Звезда Тухачевского - Анатолий Марченко 26 стр.


- Пусть это отныне тебя не волнует, - поспешил успокоить ее Тухачевский. - Я распоряжусь отправить им продуктовую посылку. Там, в Пензе, есть знакомые мне люди в городской власти, обращусь к ним, думаю, не откажут мне по старой дружбе.

- Спасибо, Миша, - трепетно отозвалась Маша. - Буду благодарна тебе по гроб жизни.

Его неприятной волной обдали эти слова. Он вдруг прозрел: да, эта девушка не из его круга, что-то неуловимо обывательское, мещанское было в ее словах, и в ее тоне, и даже в том, как она строила фразы. Но разве он раньше не слышал, как она говорит, какова манера ее речи? И разве главное в том, чтобы его жена изъяснялась изысканно, как на это способны женщины высшего общества? Что за чушь, какие гнусные мысли лезут в голову в самый неподходящий момент, когда они встретились после долгой разлуки и когда Маша примчалась к нему, чтобы стать его верной женой! И разве можно обвинять ее, дочь простого машиниста Сызрано-Вяземской железной дороги, в недостатке изысканного воспитания, да и нужны ли тебе ее жеманность, кокетство, красота и витиеватость речи, за которой почти всегда скрывается лукавство, обман и лицемерие?
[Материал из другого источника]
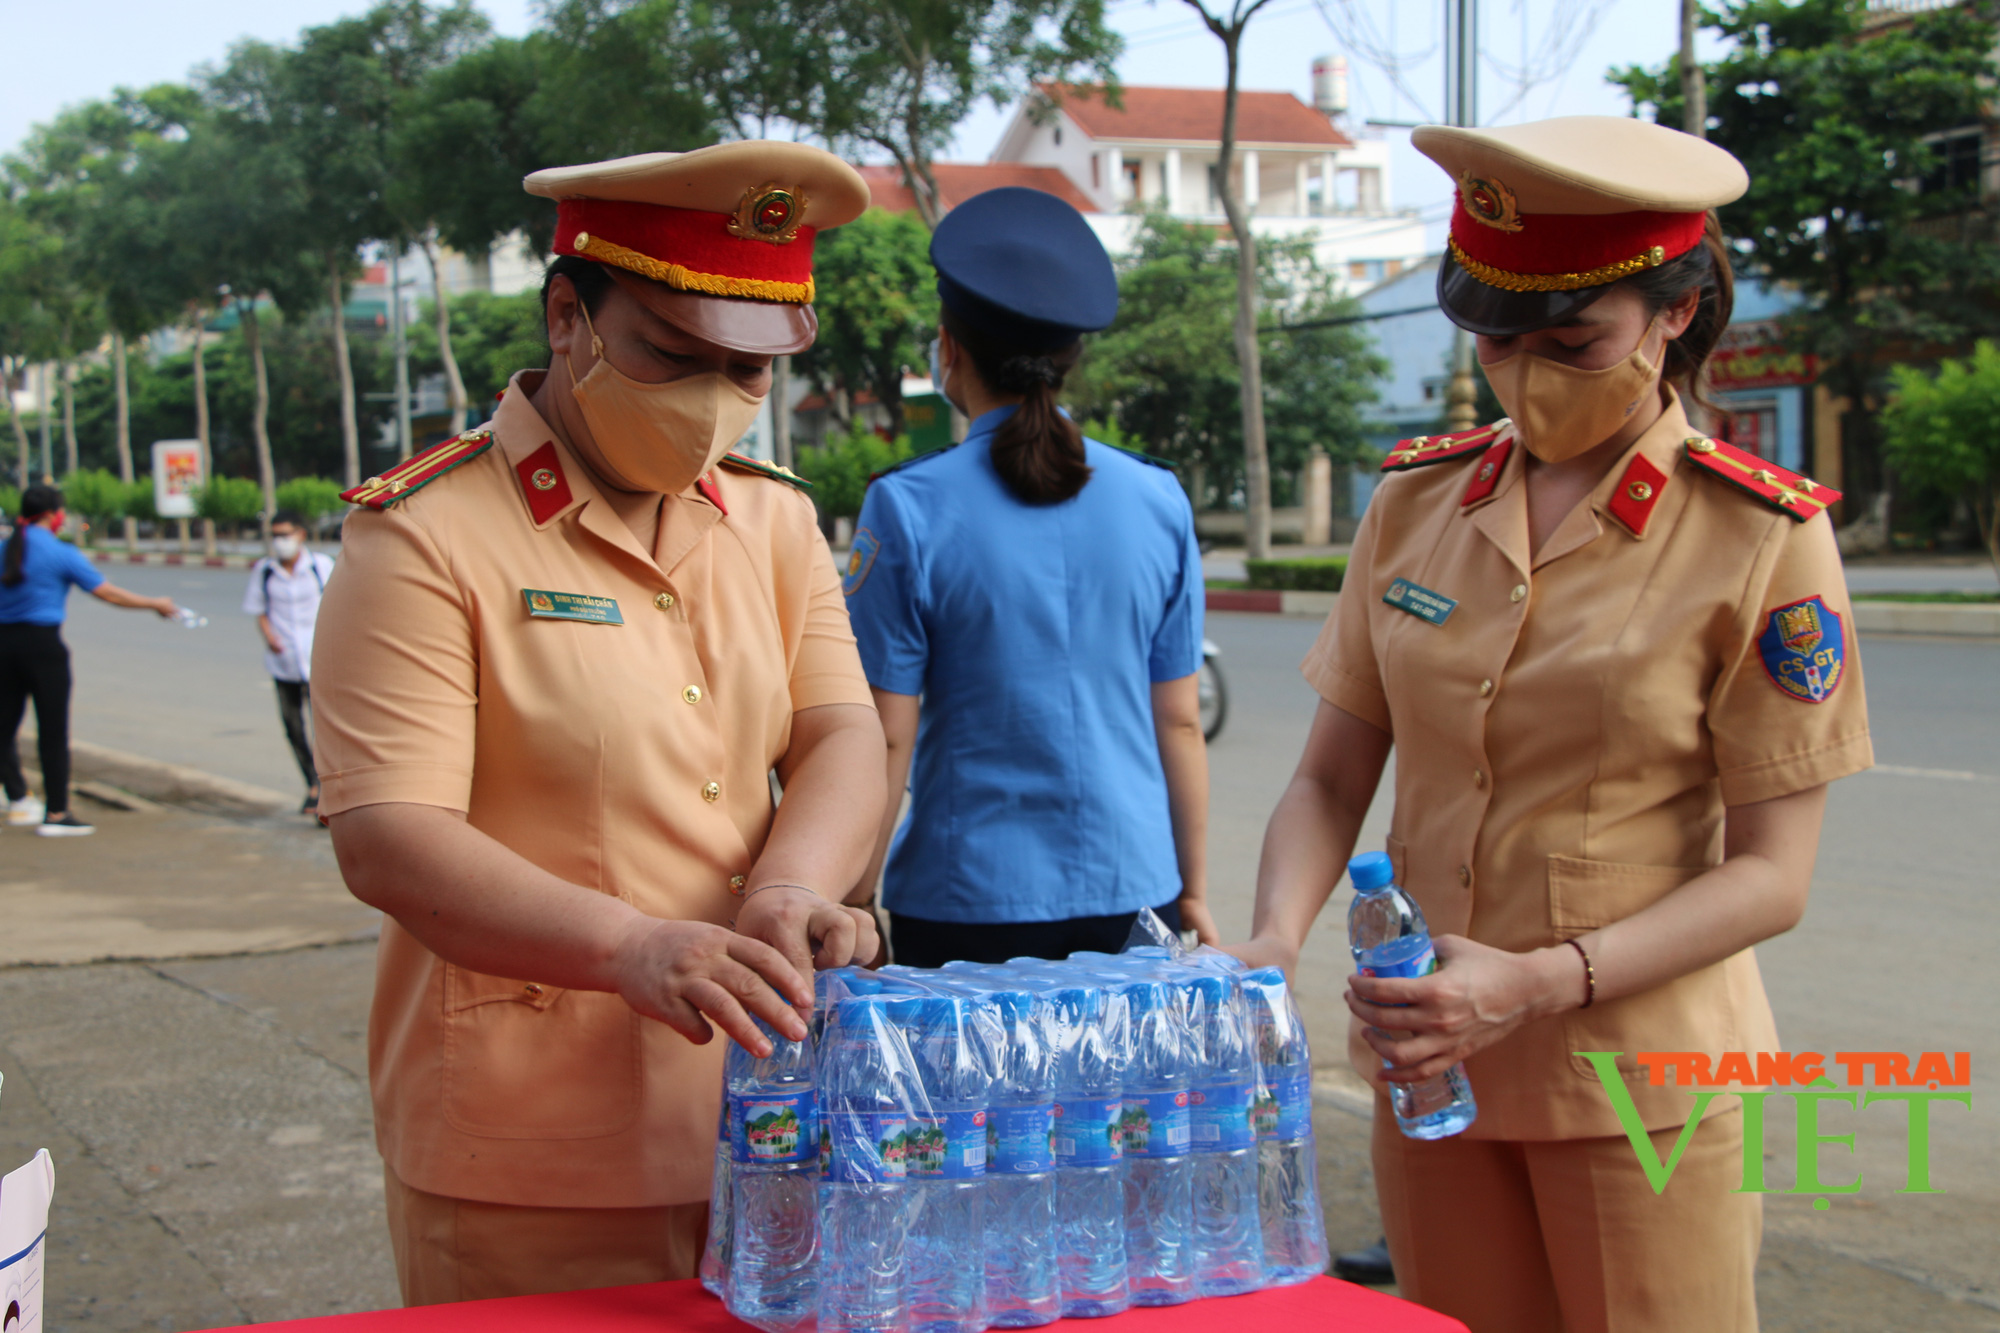 Chùm ảnh: Lực lượng cảnh sát giao thông phát nước lọc miễn phí, hỗ trợ các thí sinh thi tốt nghiệp THPT năm 2021 - Ảnh 3.

Тухачевский тут же отогнал эти, будто кем-то посторонним навязанные ему мысли, отогнал не разумом, а чувством той любви - нежной и страдальческой, которую сейчас испытывал к этой беззащитной, робкой и застенчивой девушке, и он сказал себе прямо и определенно, что станет ее защитником и опорой в водовороте бесовской страшной жизни, в которую окунулся народ. Кончится война, начнется мирная жизнь, у него, вечного воителя, будет свой дом, своя семья, дети, спокойная и счастливая жизнь, - что еще надо для счастья? Конечно же нужно здоровье - его не заработаешь, не купишь, но здоровье, кажется, есть - даже война не сумела его расшатать, вот только нервы… Нервы, конечно, уже не те, которыми должен обладать человек его возраста, но все же еще не истрепаны: железная воля держит их в кулаке.
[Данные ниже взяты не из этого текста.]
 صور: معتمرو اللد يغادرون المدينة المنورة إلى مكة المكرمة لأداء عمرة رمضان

- Вячеслав, дорогой, знаю, что ты устал, но, пожалуйста, распорядись насчет обеда, адъютант, как назло, приболел. Скажи, чтобы непременно было французское вино.

- Я уже распорядился, - улыбнулся Вересов. - Можно идти обедать.

Они прошли в командирскую столовую. Стол для них был накрыт в отдельном кабинете. Маша по-простецки ахнула: бутерброды с икрой, осетрина горячего копчения, от шашлыка на шампурах аппетитно и дразняще веяло чуть горьковатым дымком, много овощей и фруктов.

- Господи, - с жалостью в голосе произнесла она, - если бы мои родители увидели все это, они бы упали в обморок или же подумали, что видят все это во сне!

Тухачевский укоризненно посмотрел на нее, но ничего не сказал.

Подумал лишь, что его Маша мало подготовлена для выхода "в свет" - скажем, на банкет, где будут присутствовать командующие фронтами и командующие армиями.

За обедом Тухачевский сознательно не затевал разговора о положении своего фронта - не хотелось портить настроение себе и Маше, не хотелось портить аппетит. Вересов понимал это и ни разу не заикнулся о делах, справедливо полагая, что еще успеет вволю поговорить о них с комфронтом.

В дороге Вересов трогательно ухаживал за Машей, изо всех сил старался, чтобы она была вовремя и хорошо накормлена, могла спокойно, насколько это было возможно в дорожной суете, отдохнуть, и потому Маша сейчас не испытывала чувства голода. Но яства, стоявшие на столе, были так заманчивы, так аппетитны, что сами просились в рот. Шампанское возбудило ее, придало смелости, она раскраснелась и влюбленно смотрела на Тухачевского. Она не верила себе: надо же, ей нежданно привалило такое счастье: выйти замуж не за какого-то там железнодорожника, которого ей в мужья прочил отец, а за командующего фронтом, по-старому за генерала! Ей вдруг взгрустнулось от мысли о том, что, наверное, это счастье будет ненадежным, промелькнет в ее жизни, как падучая звезда…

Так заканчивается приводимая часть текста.